Many thanks, will have a blast at it now. 

I know im gonna be pushing my luck, but is there anyway you can reference the report to a word template, instead of a new document?


----------



## peteyb (Apr 20, 2007)

Im getting a user-compile error, on line

Dim wdApp As Word.Application


----------



## Glaswegian (Sep 16, 2005)

peteyb said:


> Hi
> 
> Many thanks, will have a blast at it now.
> 
> I know im gonna be pushing my luck, but is there anyway you can reference the report to a word template, instead of a new document?

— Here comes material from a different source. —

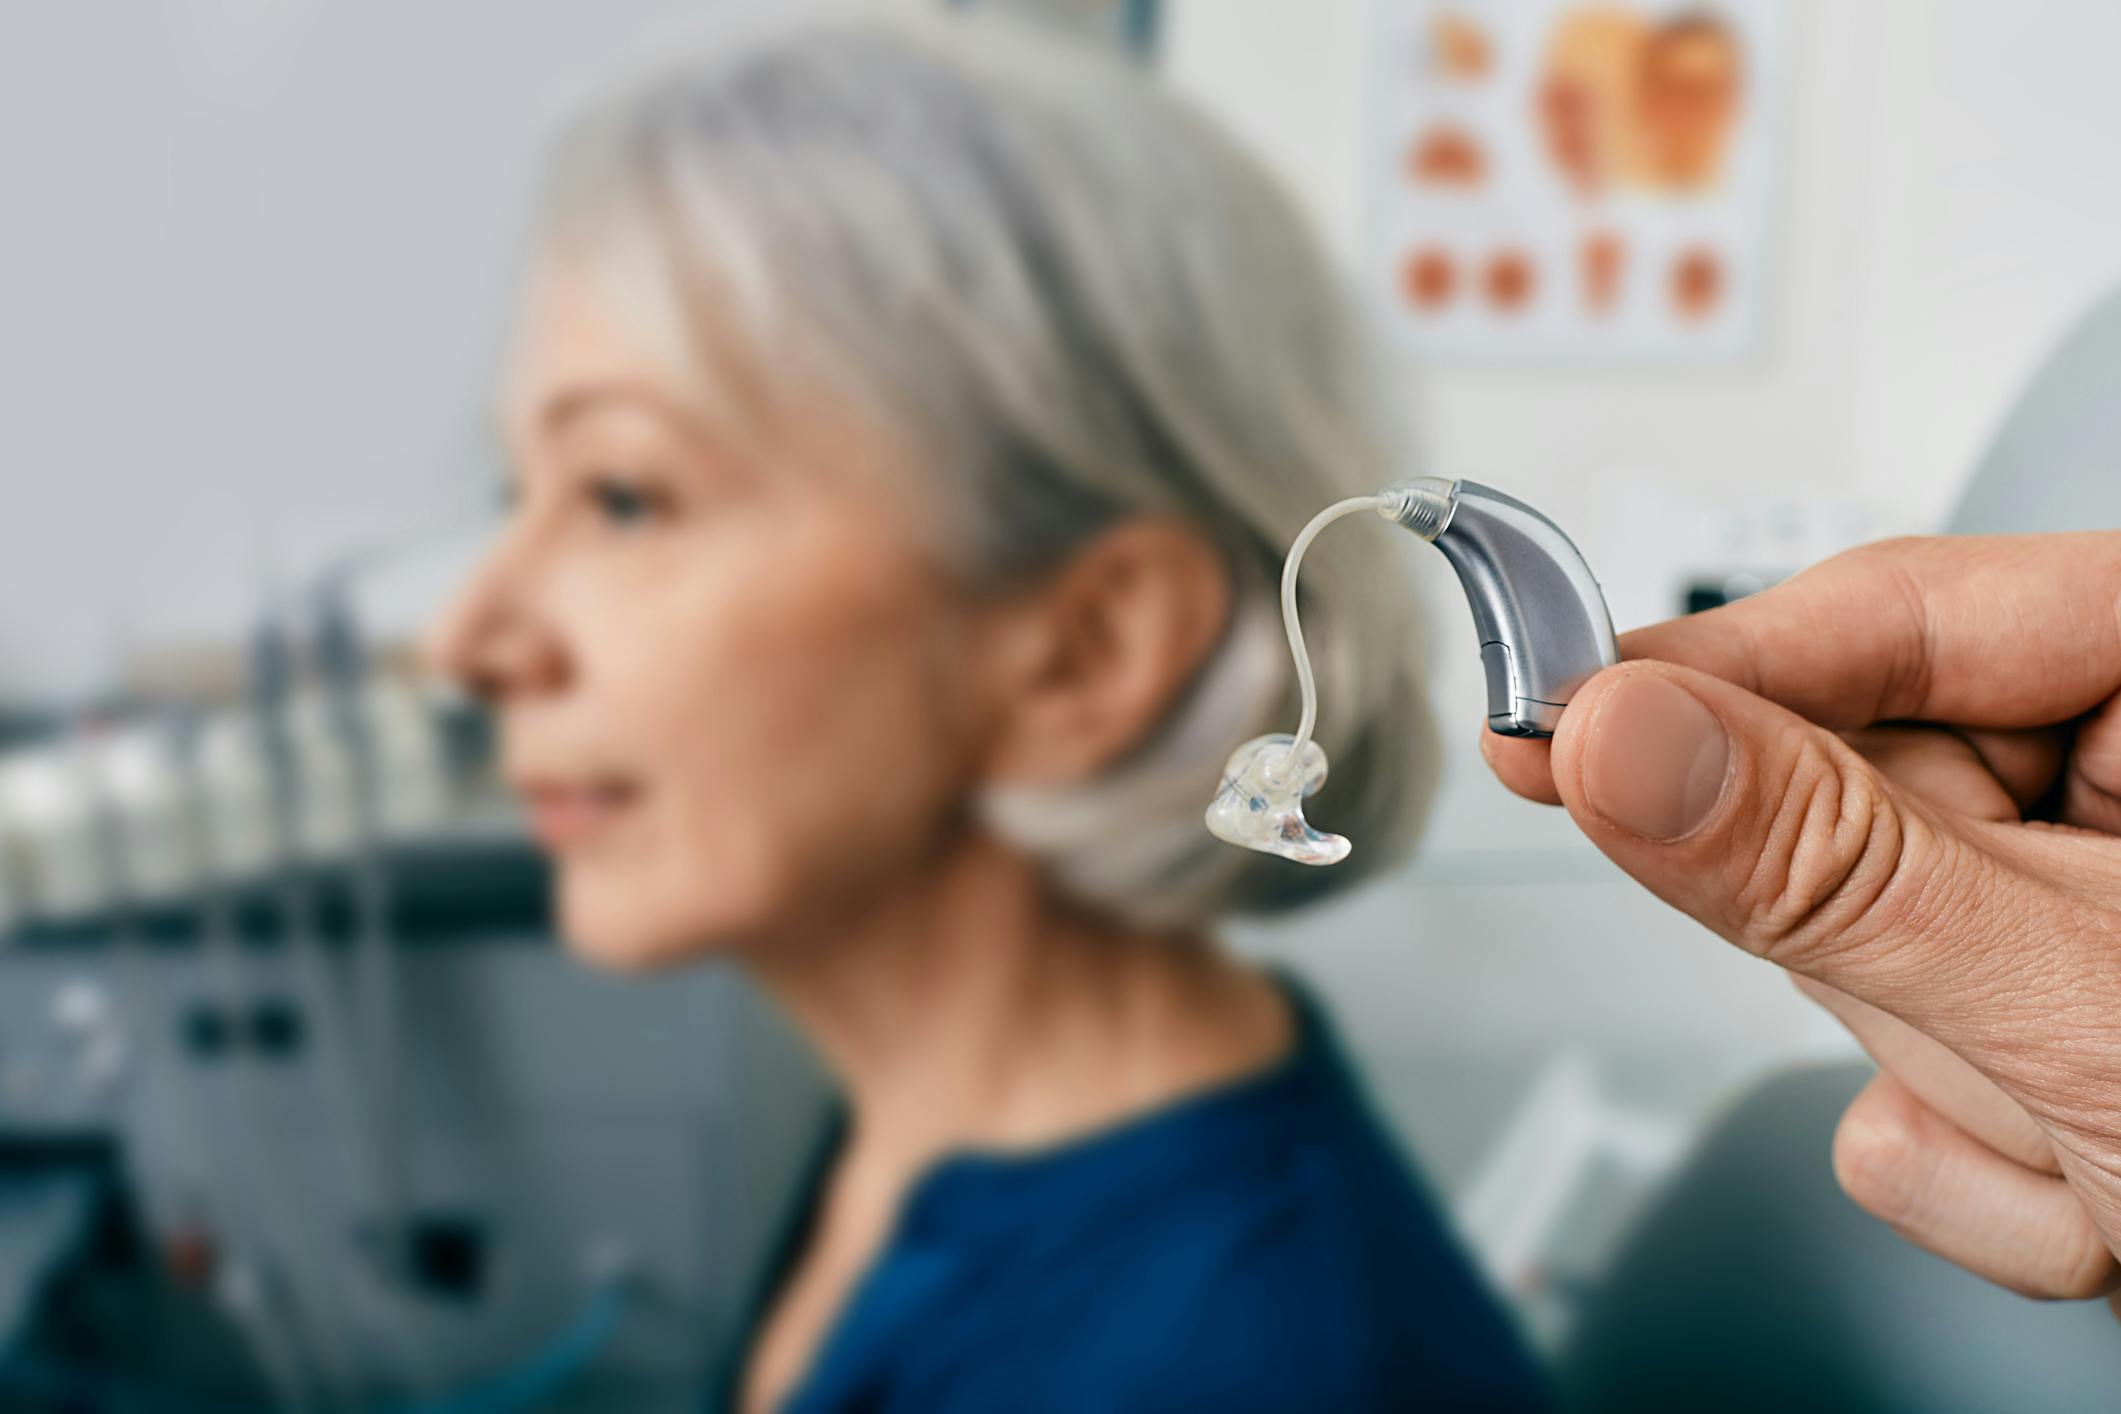 hearing aid being held up next to a woman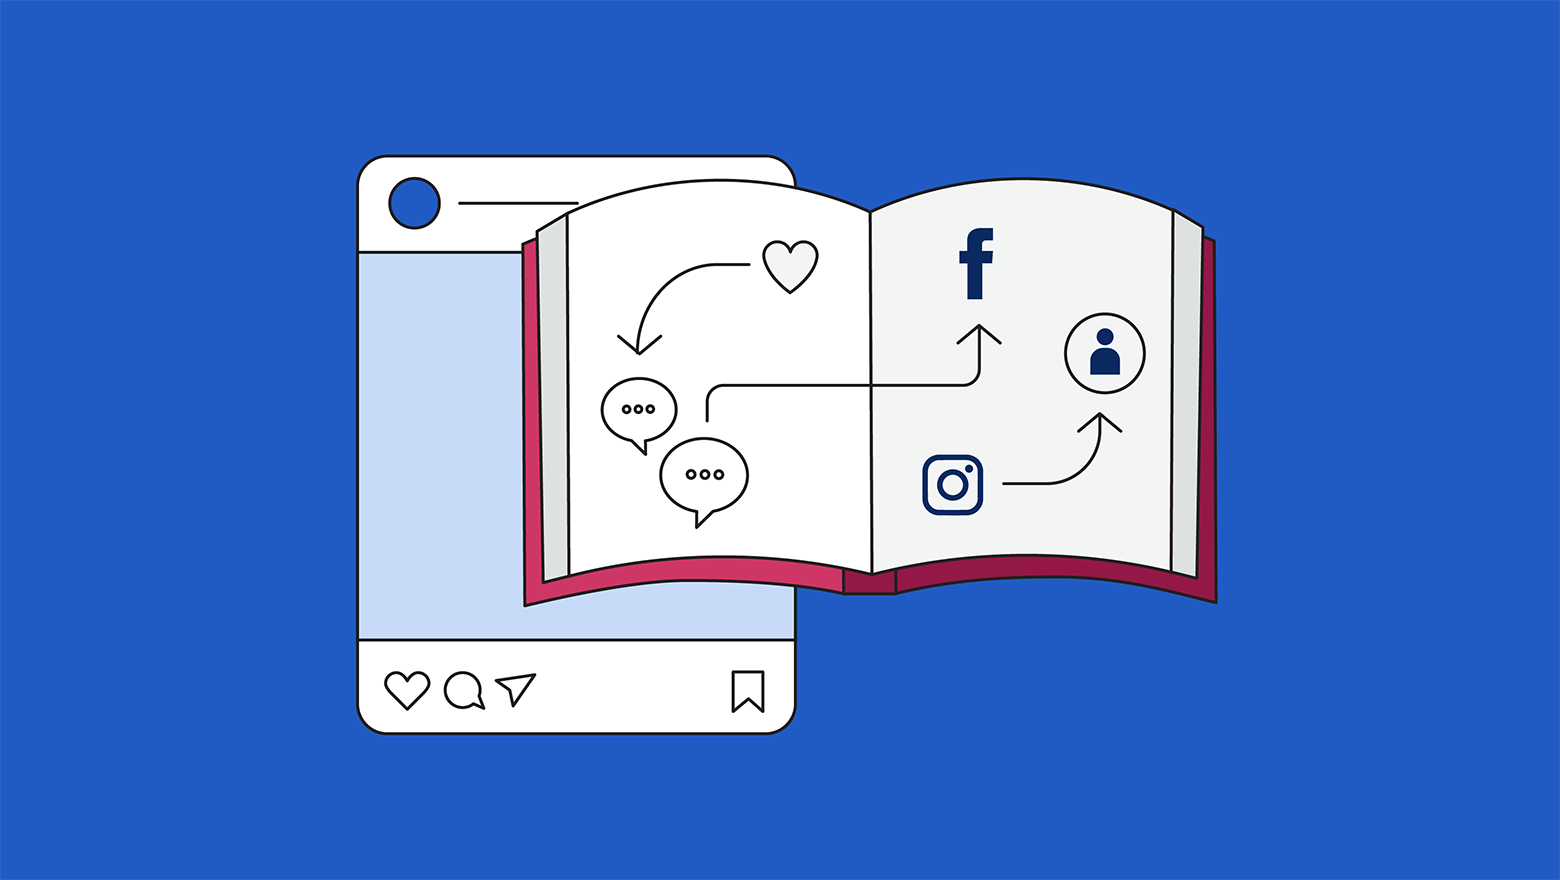 A graphic of a social post and a book containing social media symbols and icons to represent a social media training playbook to share with colleagues.

 I think so...is it a new template or an existing one? I think I can do new, but I'm not so sure on existing. I'm not that good on Word VBA.



peteyb said:


> Im getting a user-compile error, on line
> 
> Dim wdApp As Word.Application


Ah - you need to have a reference in Excel to Word's Object Model. Open Excel and press Alt+F11 to open the VB Editor. On the menu bar click on Tools > References and in the dialog box look for *Microsoft Word 10.0 Object Library.* Check the box and click OK. That should be OK now.


----------



## peteyb (Apr 20, 2007)

Ive done that, it's number 11.0 on mine.

I am now getting a runtime error '1004' and the debug shows:

Worksheets("Report").Range("A2").Select


----------



## peteyb (Apr 20, 2007)

oh and yes, it is a new template.


----------



## Glaswegian (Sep 16, 2005)

peteyb said:


> Ive done that, it's number 11.0 on mine.
> 
> I am now getting a runtime error '1004' and the debug shows:
> 
> Worksheets("Report").Range("A2").Select


This is where I had the earlier problem, but in a slightly different way. It's something to do with the way I'm referencing that sheet, but for the life of me I can't work out what it might be.:4-dontkno

Leave this with me and I'll work on it over the weekend. I'll also try the template part, but I think I know how to do that. :grin:


----------



## Glaswegian (Sep 16, 2005)

Hi

Having now realised where I'd made the code blooper :grin:, see if this works for you.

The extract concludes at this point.